Space has no temperature. Space is a vacuum. Temperature needs things to jiggle.

[-] salvaria@lemmy.blahaj.zone 14 points 1 week ago

The average temperature of the universe today is approximately 2.73 K (−270.42 °C; −454.76 °F), based on measurements of cosmic microwave background radiation.

https://en.wikipedia.org/wiki/Absolute_zero

Cited from https://www.abc.net.au/science/articles/2003/09/25/947116.htm

[-] AeonFelis@lemmy.world 5 points 1 week ago

Wonder how they calculated the "average" temperature. Was it weighted by mass or by volume?

[-] Feathercrown@lemmy.world 3 points 1 week ago

Only mass-weighting really makes sense here imo

[-] Einskjaldi@lemmy.world 2 points 1 week ago

Wouldn't that be just star and not star?

[-] AeonFelis@lemmy.world 1 points 1 week ago

No - it'd mostly be dark matter vs not dark matter.

[-] Feathercrown@lemmy.world 2 points 1 week ago* (last edited 1 week ago)

I'm still on the "dark matter isn't real" train. It would be so unsatisfying if it was the answer.

[-] AeonFelis@lemmy.world 2 points 1 week ago

Dark mind is definitely real though

[-] vin@lemmynsfw.com 1 points 1 week ago

Doesn't matter, it's just the eventual temperature of a black body kept in deep space

[-] flying_sheep@lemmy.ml 3 points 1 week ago

That's purely academic. IRL what actually matters is “how big and reflective is the thing you're in”.

You'd get real hot real fast in a matte black space suit.

[-] tomiant@piefed.social 1 points 1 week ago

Well yes, because space is not actually a complete vacuum.

[-] essell@lemmy.world 6 points 1 week ago

But a thing in space is not a vacuum and is subject to heating via solar radiation

[-] MonkderVierte@lemmy.zip 3 points 1 week ago* (last edited 1 week ago)

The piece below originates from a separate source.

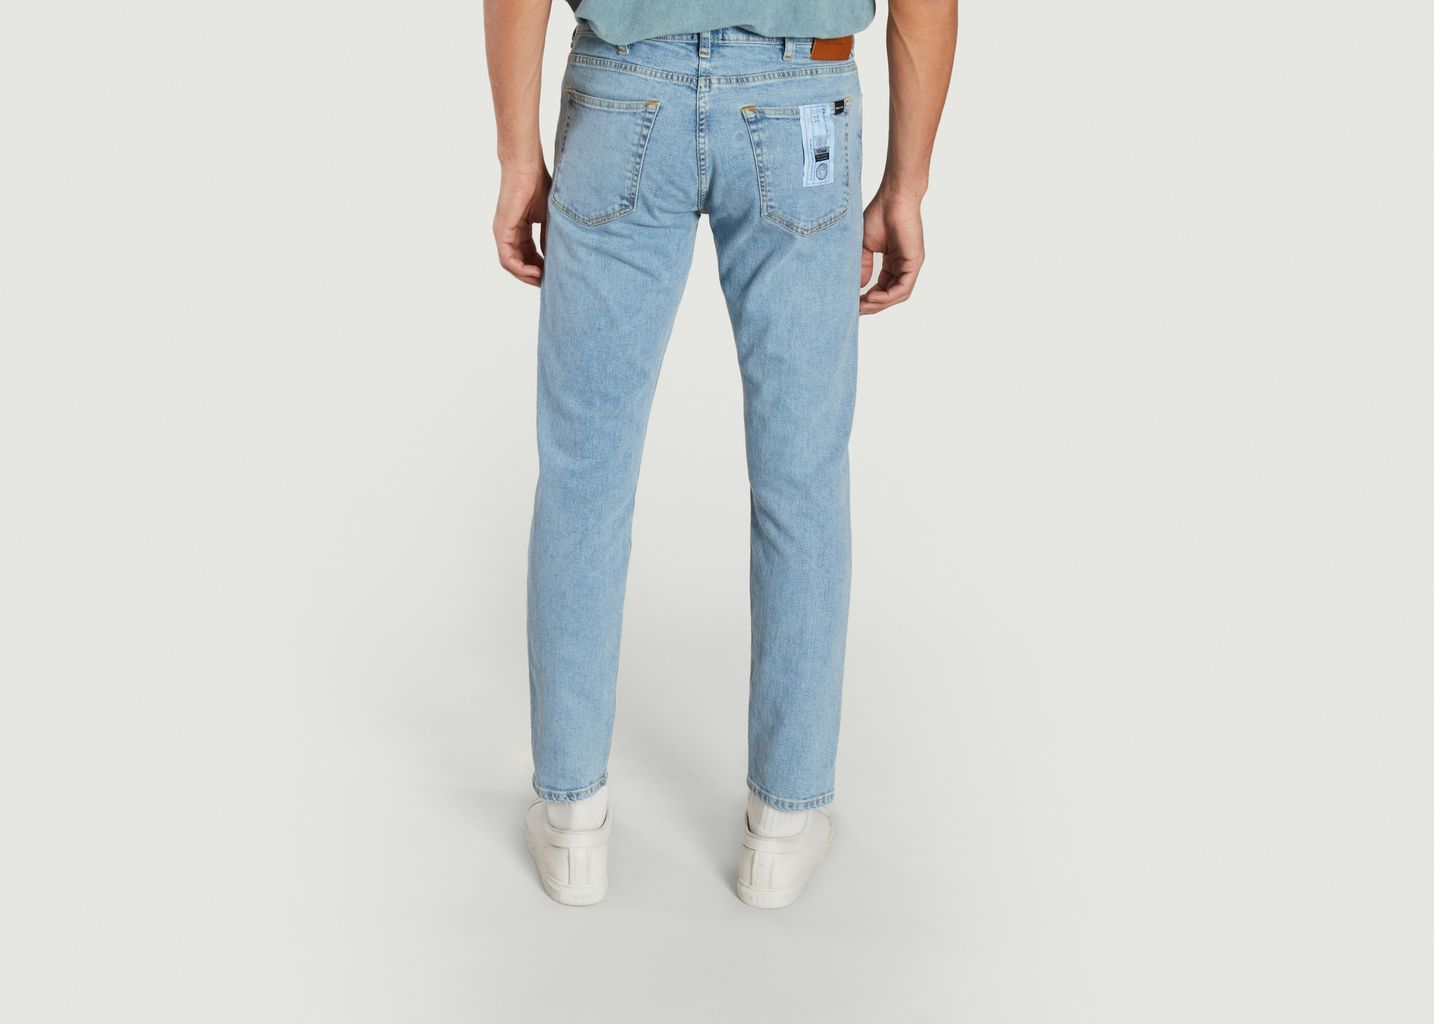 Washed stretch jeans - PS by PAUL SMITH

And actually, space only gets cold (more surface radiation cooling than solar heating) a bit after Mars orbit. On earth orbit, it's already a bit toasty.

[-] Kolanaki@pawb.social 1 points 1 week ago* (last edited 1 week ago)

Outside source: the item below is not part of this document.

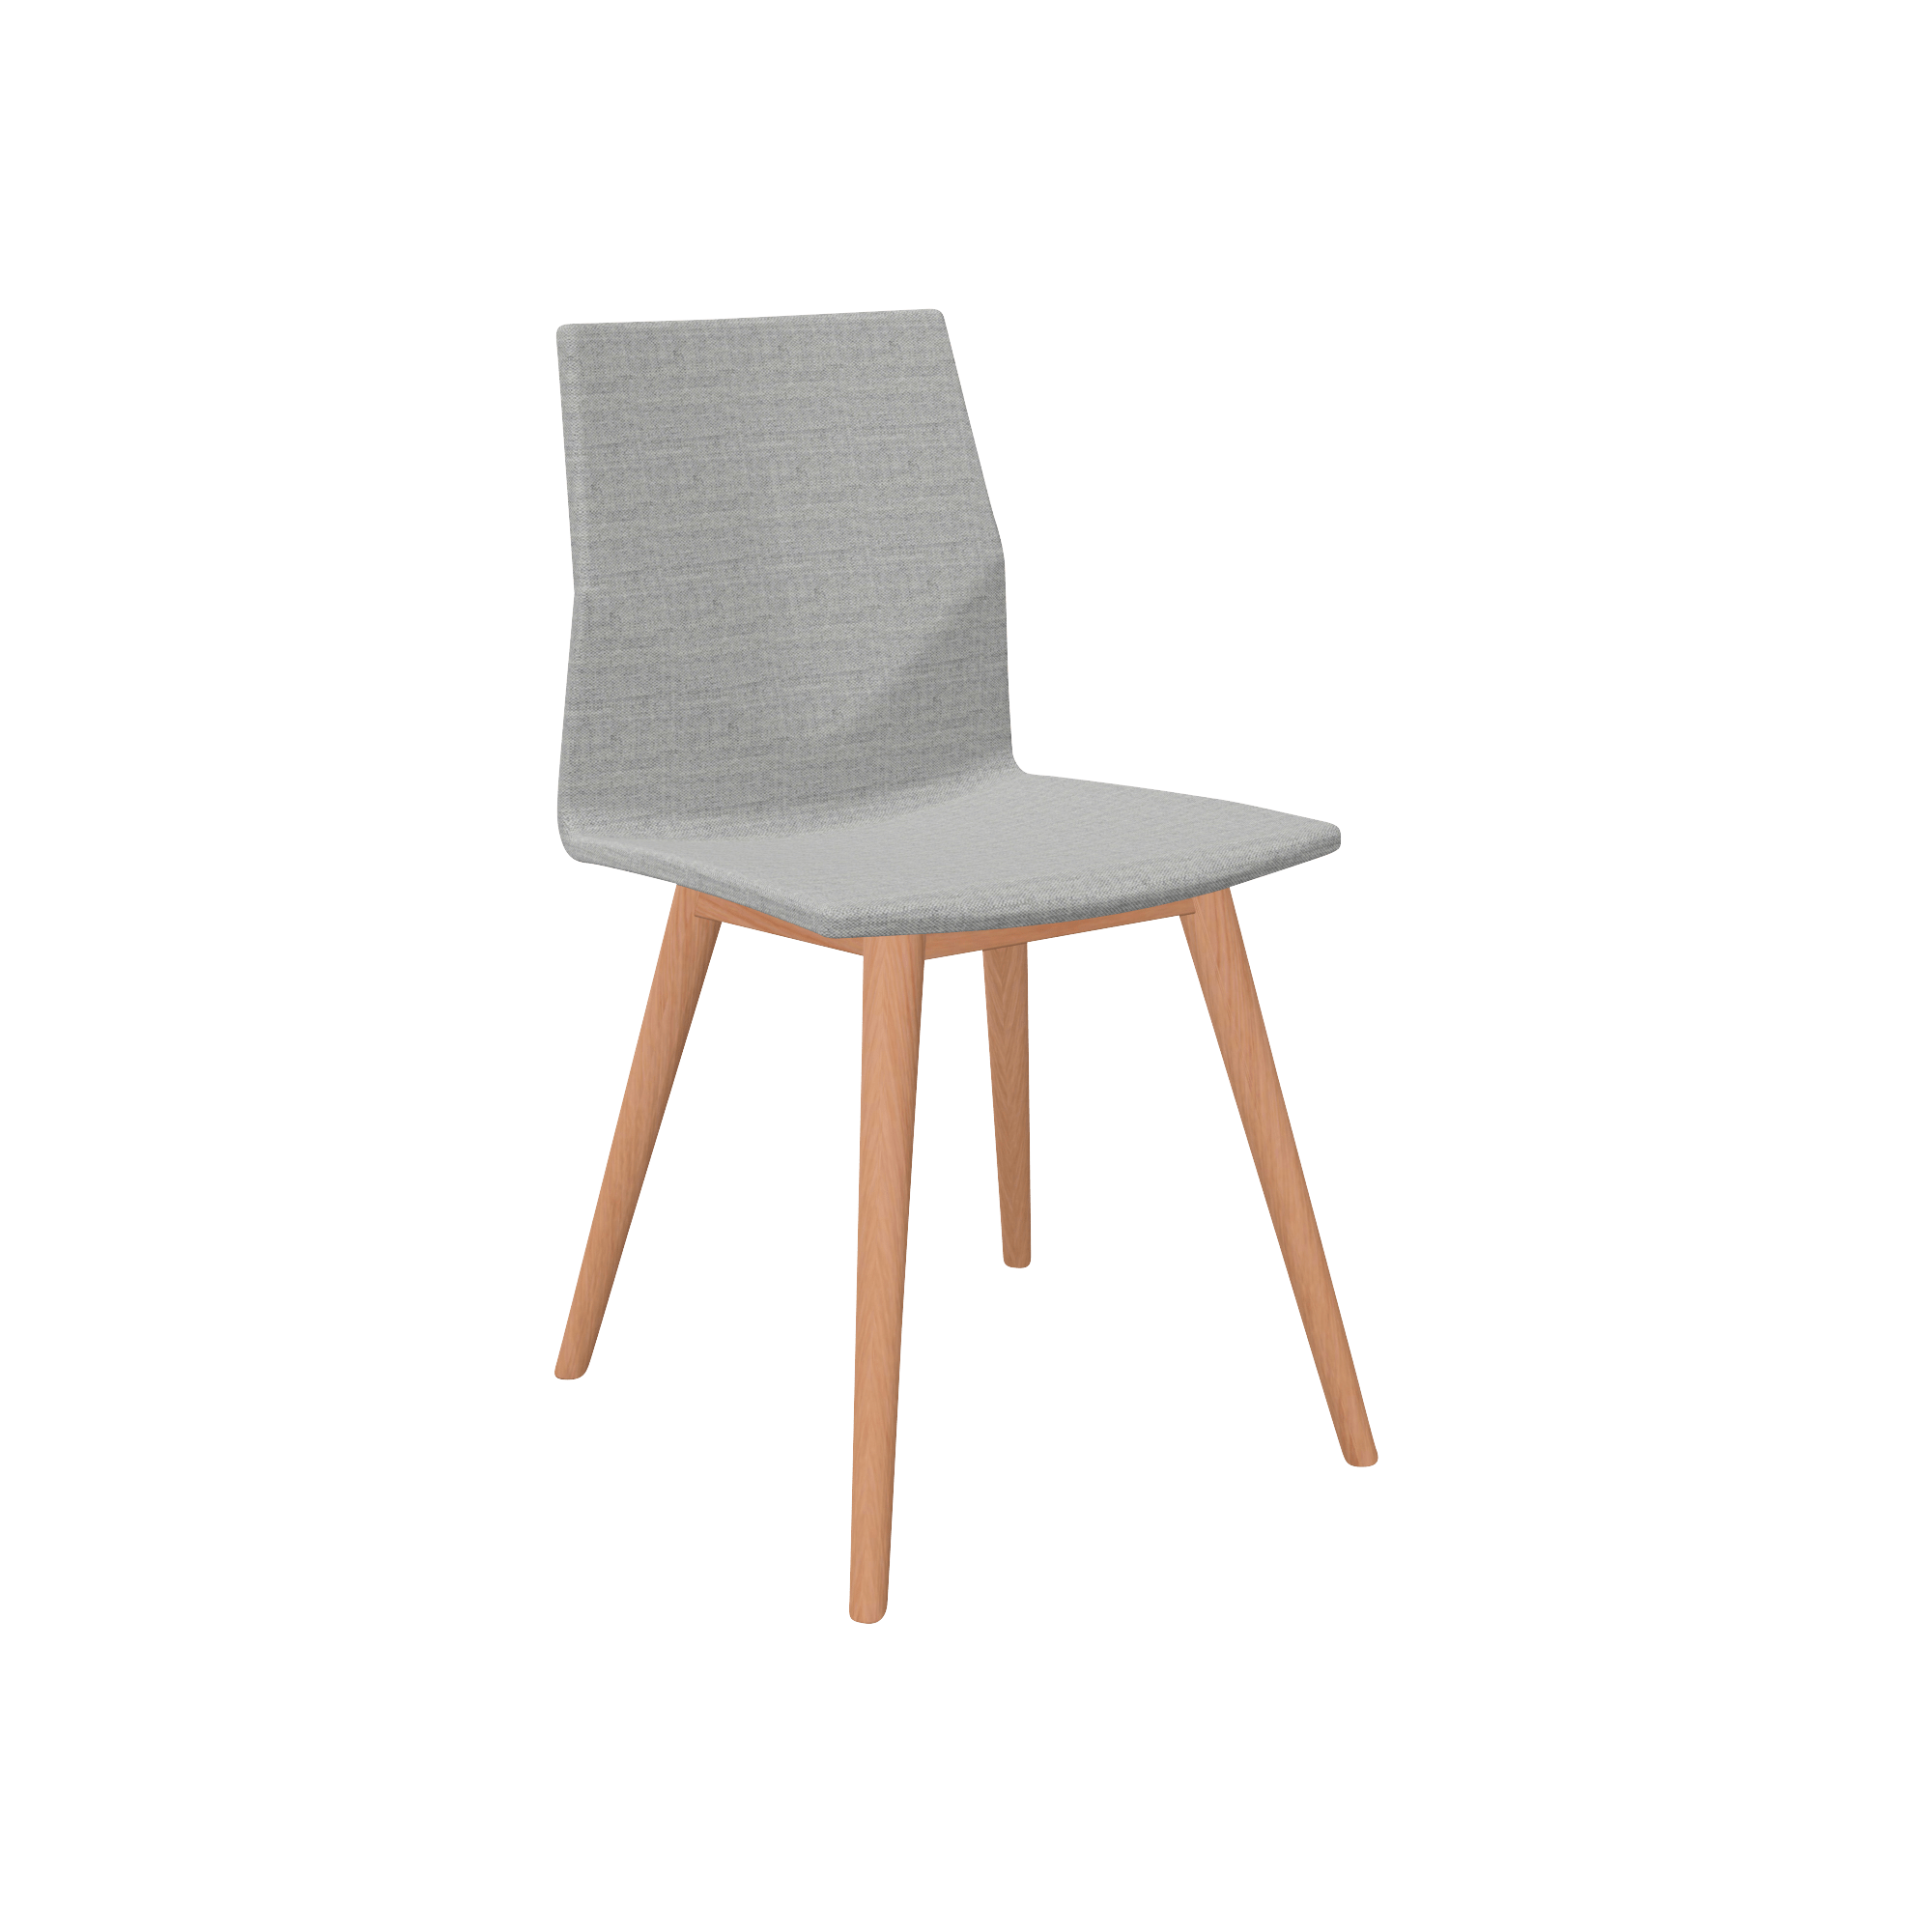 grey chair with wooden legs

Yeah, that's kinda why it's cold. Cold is just an absense of heat.

[-] Feathercrown@lemmy.world 3 points 1 week ago

Cold is the absence of heat in a medium that can interact with temperature imo. It certainly wouldn't act like normal cold; if you stuck your hand out and felt the vaccuum, it wouldn't feel cold, and the heat in your hand would not flow outwards into space very much. There's no convection, only radiation. Space isn't cold, matter is cold, and there's no matter.